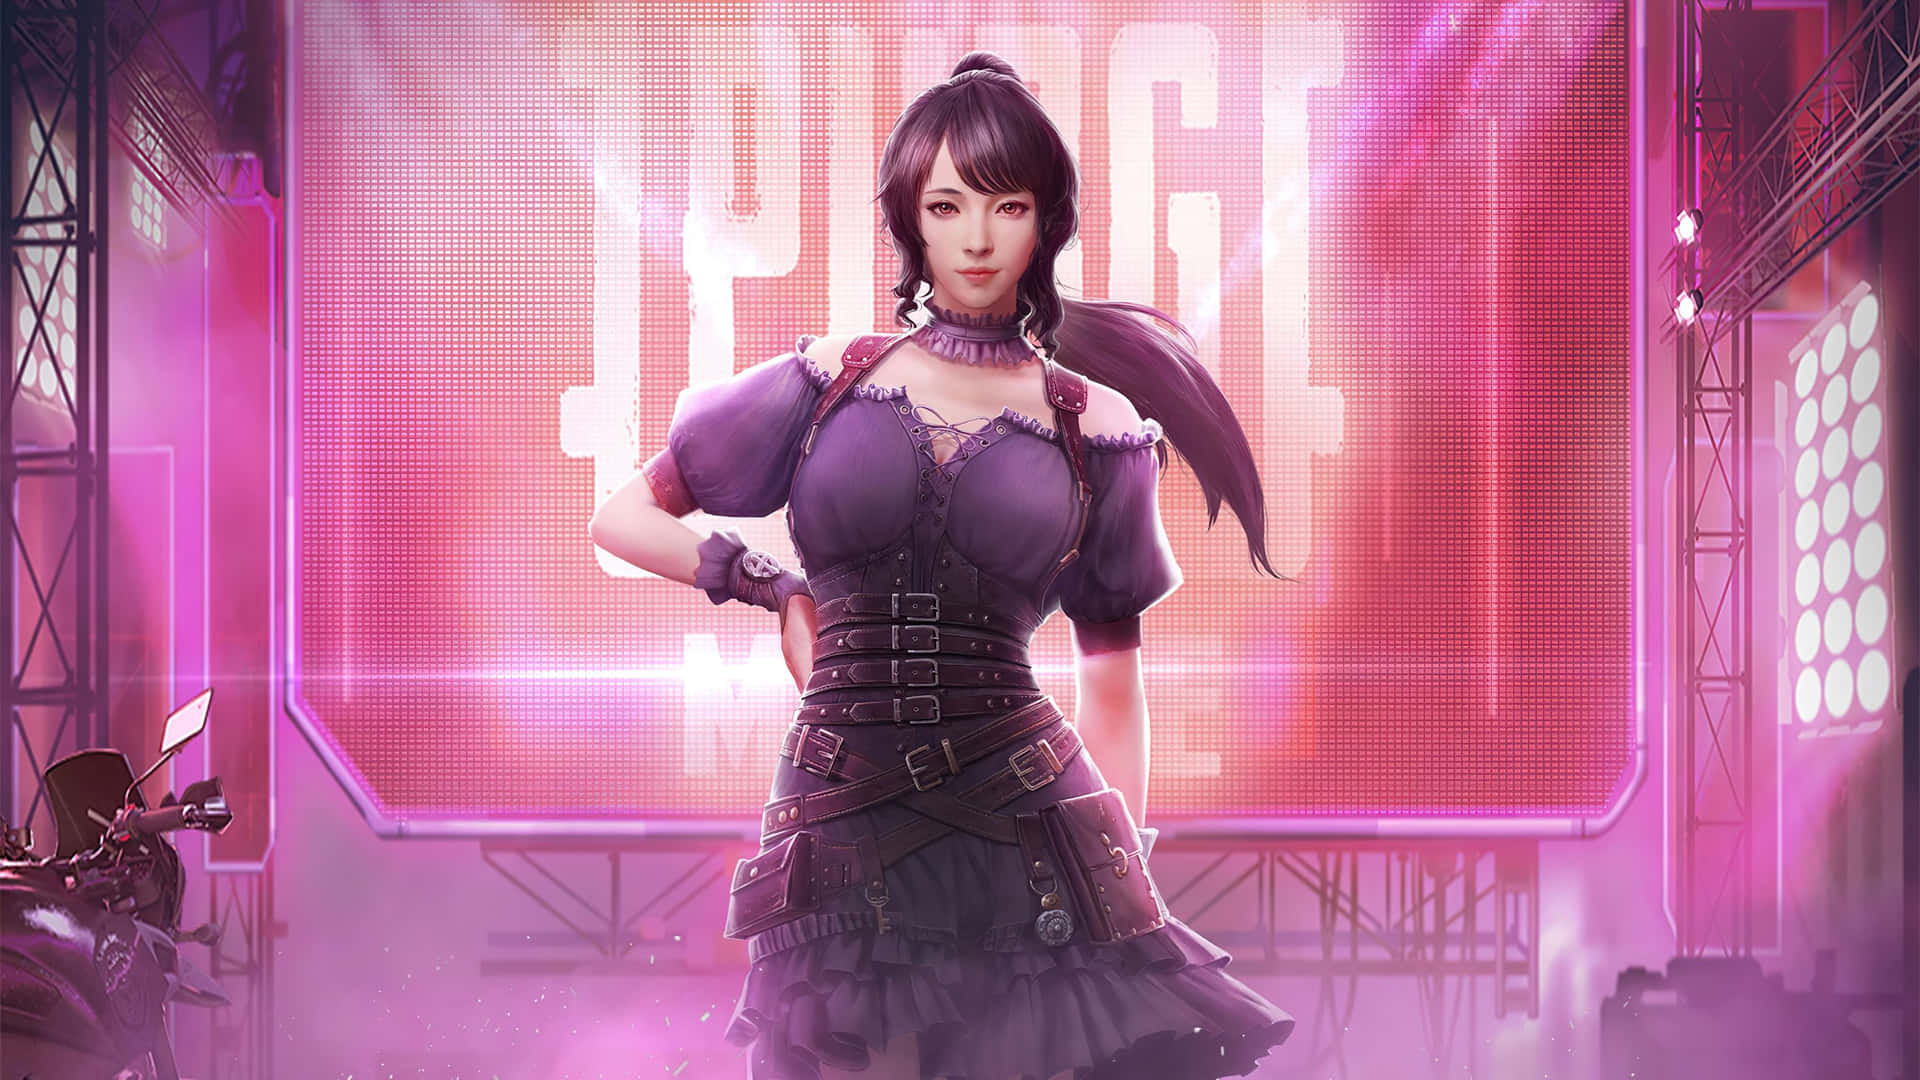 Caption: Fierce PUBG Gamer Girl with Purple Hair Wallpaper
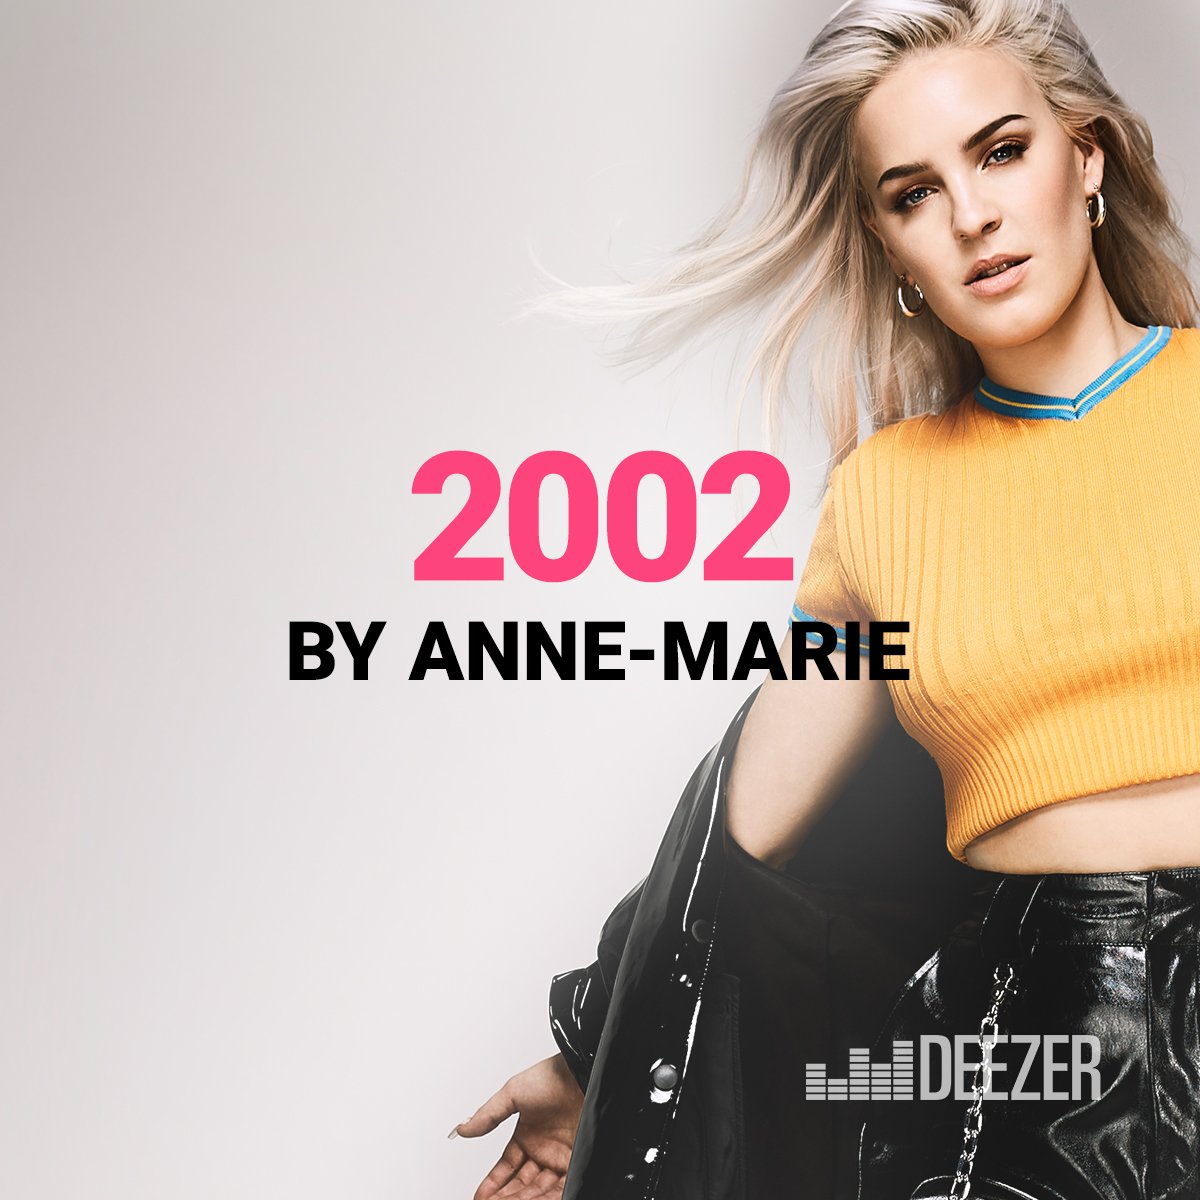 Marie 2002. Anne Marie 2002. Anne Marie 2002 album. 2002 Anne Marie обложка альбома. Энн-Мари (певица)+18.
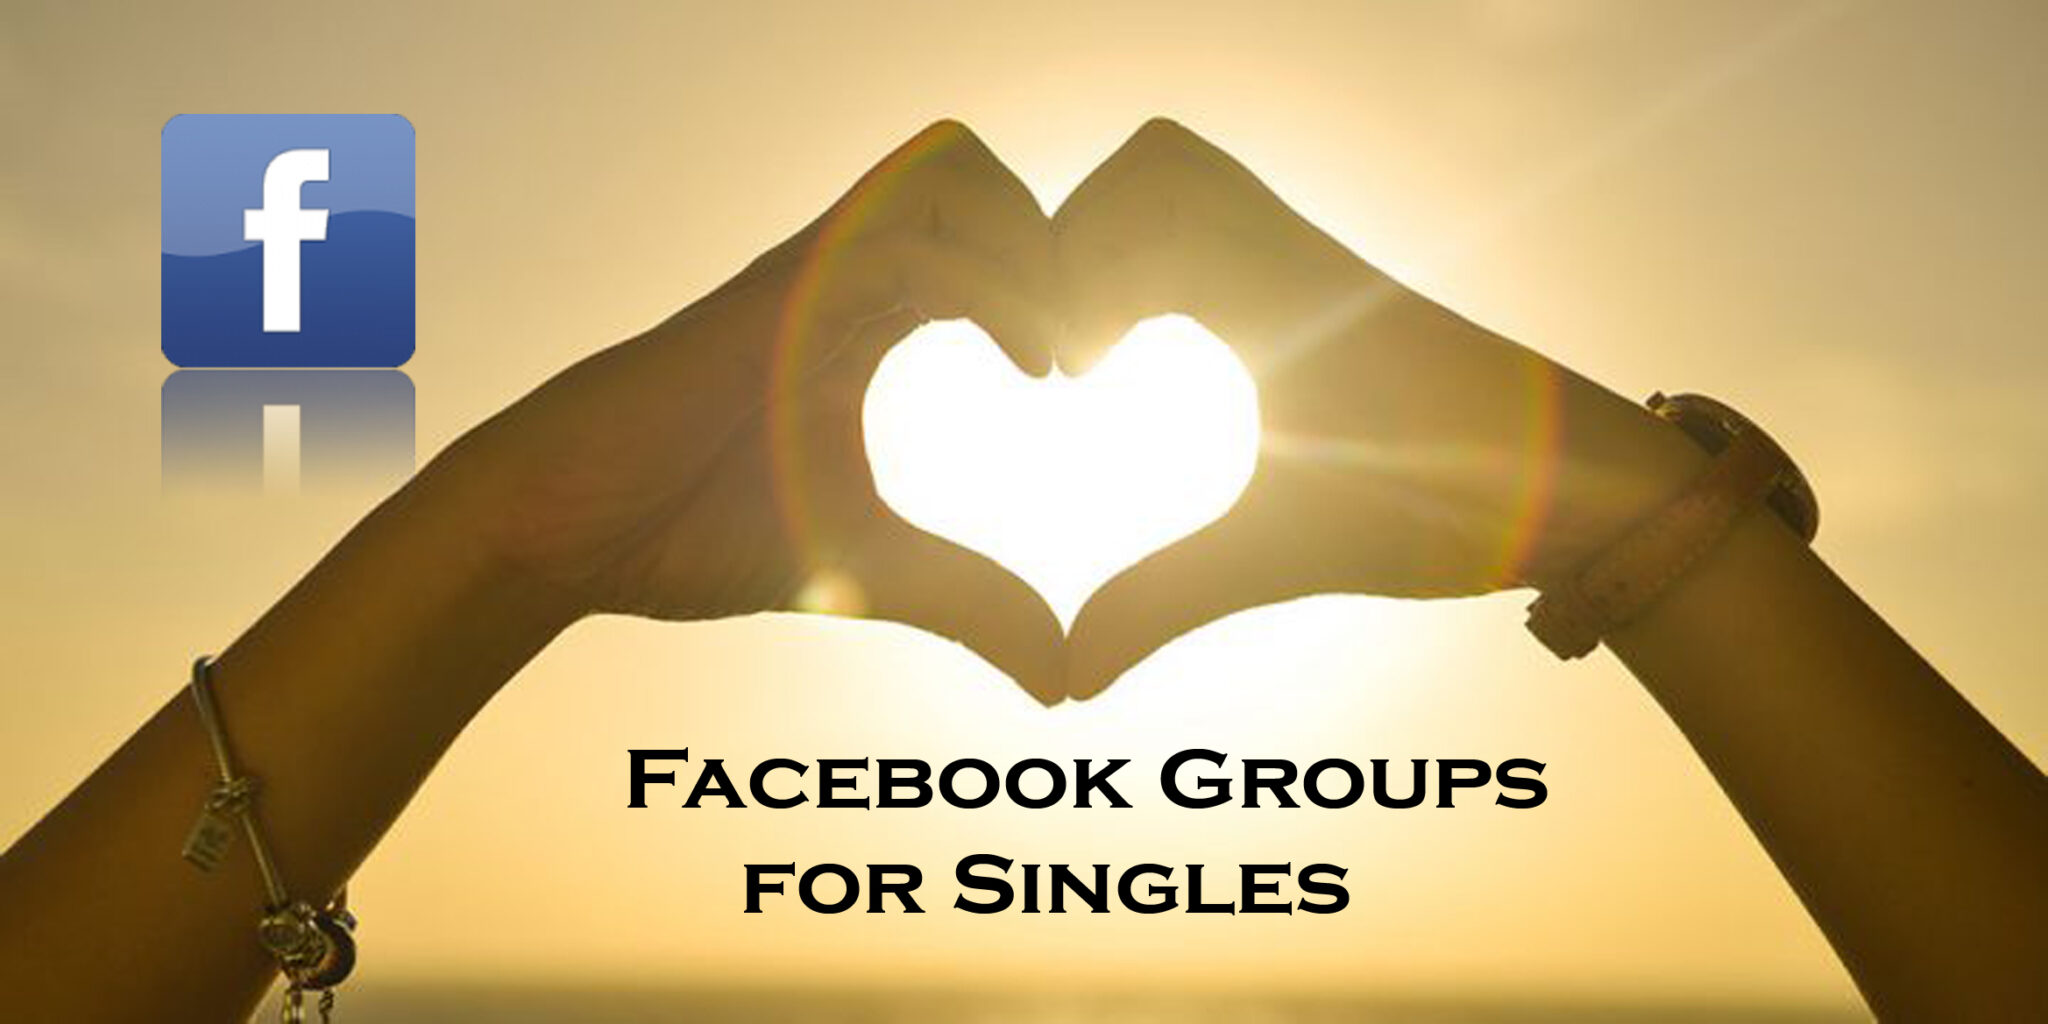 Facebook Groups for Singles - Facebook Groups for Hookups

════════════════

- PROBLEM TO WORK ON: Pick up at the line containing "Marie 2002. Anne Marie" and copy each line exactly until the data ends, including that last line; copy no pictures.

- TASK OUTPUT:
 Marie 2002. Anne Marie 2002. Anne Marie 2002 album. 2002 Anne Marie обложка альбома. Энн-Мари (певица)+18.
 Facebook Groups for Singles - Facebook Groups for Hookups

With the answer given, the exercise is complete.